KNL Assembly Code for Matrix Multiplication

Thank You,

It means vmovdqa64 zmm22, zmmword ptr [rip + .LCPI0_0] # zmm22 = [8,9,10,11,12,13,14,15] zmm22 will contain 64 bit constant values which are indexes here zmm22=8, 9, 10, 11, 12,13,14,15. not the values loaded from these locations. and zmm2 contains constant 4000. so,

vpmuludq zmm14, zmm10, zmm2 ; will multiply the indexes values with 4000, as for array b the stride is 4000.

zmm14= 3200, 3600, 40000, …28000.

now as you said

vpsrlq zmm15, zmm10, 32 ; will shift zmm10(=zmm22) each 64 bit element by 32bit so

zmm15=? (can you compute the value of zmm15 here)?

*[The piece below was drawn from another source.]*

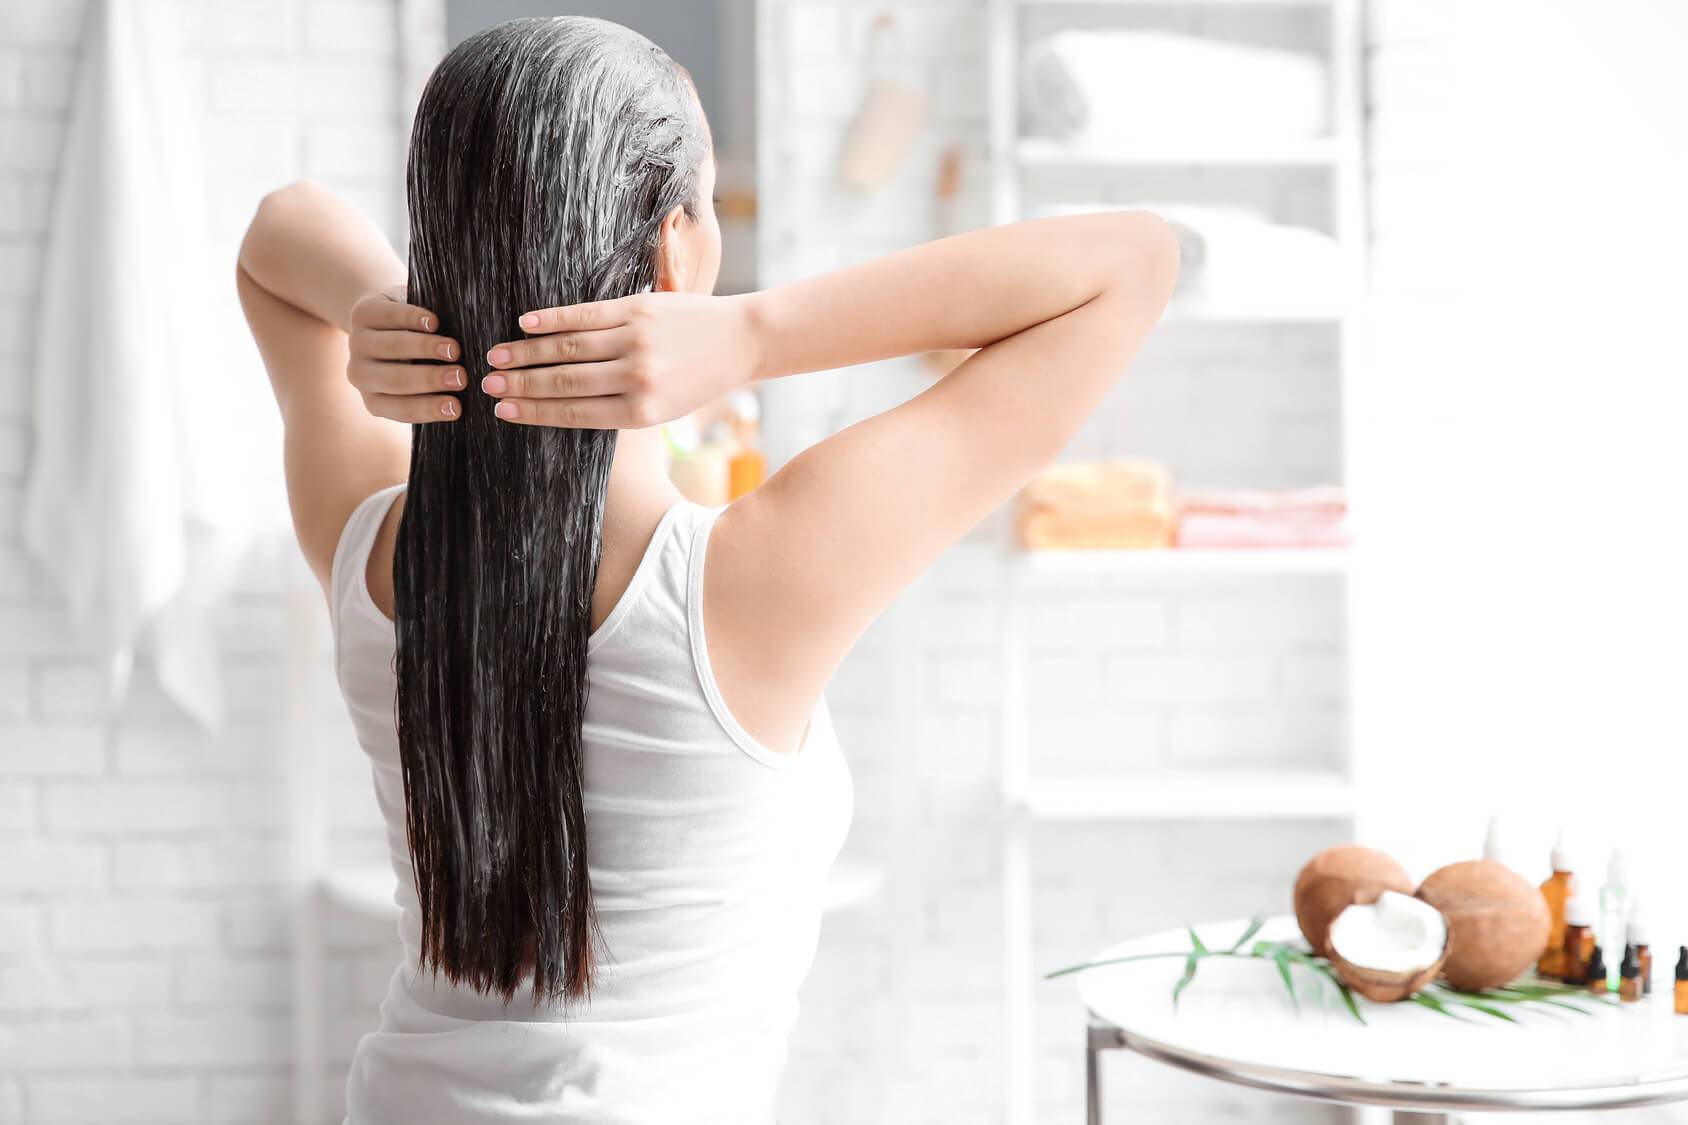 Ламинирование волос в домашних условиях профессиональными средствами эстель: как делается, что нужно, лучшие препараты

I think zmm15 is all 0s. Its doing zmm15[31:0] = zmm10[63:32]; zmm15[63:32] = 0; zmm15[95:64] = zmm10[127:96]; zmm15[127:96] = 0; etc. But zmm10[63:32], zmm10[127:96], etc. are 0 because the indices are very small compared to the 64-bits they are stored in.

Thank alot. Things are much clear now.